Con independencia de la discusión sobre si la reforma aprobada por el Congreso, que contempla la prisión perpetua para violadores y asesinos de niños -asunto que definirá la Corte Constitucional si, como es probable, se presentan demandas de inconstitucionalidad por razones de forma o por una posible sustitución de la Constitución-, conviene subrayar que lo importante, más que el tipo de penas aplicable a esos criminales, es la necesidad apremiante de buscar mecanismos efectivos y reales con miras a la protección de los derechos de los niños, que -como proclama en la teoría el artículo 44 de la Constitución- prevalecen sobre los derechos de los demás.
Según expresa la norma, la familia, la sociedad y el Estado tienen la obligación “de asistir y proteger al niño para garantizar su desarrollo armónico e integral y el ejercicio pleno de sus derechos”, todos calificados por la misma Constitución como fundamentales: “La vida, la integridad física, la salud y la seguridad social, la alimentación equilibrada, su nombre y nacionalidad, tener una familia y no ser separados de ella, el cuidado y amor, la educación y la cultura, la recreación y la libre expresión de su opinión”. Añade que los menores “serán protegidos contra toda forma de abandono, violencia física o moral, secuestro, venta, abuso sexual, explotación laboral o económica y trabajos riesgosos. Gozarán también de los demás derechos consagrados en la Constitución, en las leyes y en los tratados internacionales ratificados por Colombia”.

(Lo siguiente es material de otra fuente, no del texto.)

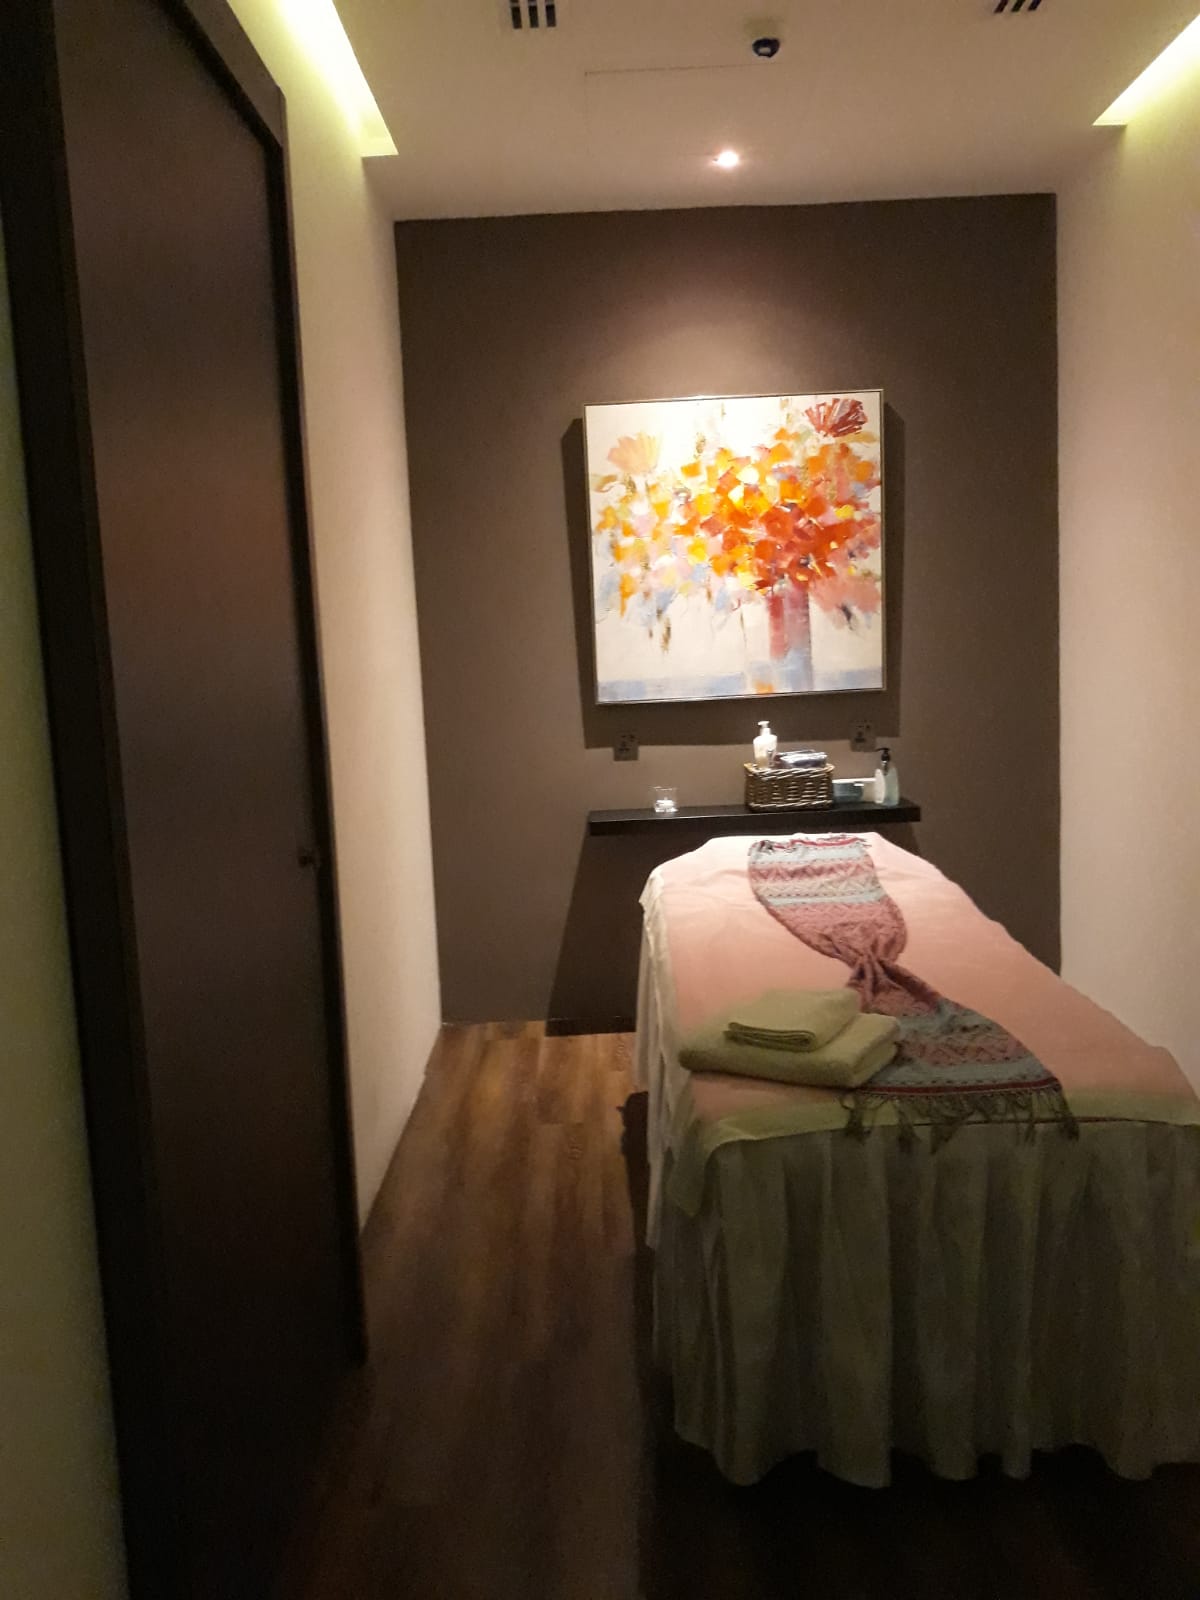 Photograph of massage therapy room with high massage bed

Infortunadamente, los hechos demuestran que lo dispuesto en éste y otros preceptos constitucionales, en la Convención Internacional sobre los Derechos del Niño adoptada por la Asamblea General de Naciones Unidas el 20 de noviembre de 1989 (aprobada por el Congreso colombiano mediante Ley 12 de 1991), en el Código de Infancia y Adolescencia (Ley 1098 de 2006), en el Código Penal, en el Civil, en las normas sobre bienestar familiar, en los convenios de OIT; en la jurisprudencia de los altos tribunales, no se traduce en la realidad. Ocurre lo contrario. Es como si en el interior de la sociedad se moviera un elemento maligno empeñado en producir exactamente los fenómenos opuestos a tan exigentes reglas. Las normas van por un lado y la suerte y el sufrimiento de los niños por otra.
Los niños son las principales víctimas del conflicto armado (que no ha terminado, pese al Acuerdo de Paz de 2016); de las minas anti personas; de la violencia sexual; de la pornografía; de la pólvora que se quema en diciembre; de las balas perdidas que dispara un borracho irresponsable; del abandono; del trabajo infantil -una inaceptable forma de esclavitud-; de la mendicidad; de la violencia en el interior de la familia; del acoso escolar; del hambre y la desnutrición; de la pobreza; de la imposibilidad de educarse.
Nada de eso se soluciona, ni se mitiga, al conjuro de disposiciones penales. Ya hay suficientes normas. Que se cumplan. Lo que debemos emprender todos -Estado, sociedad, familias, iglesias, establecimientos educativos, jueces, autoridades seccionales y locales, medios de comunicación- es una cruzada nacional por una cultura de respeto y amparo a los niños en todo sentido.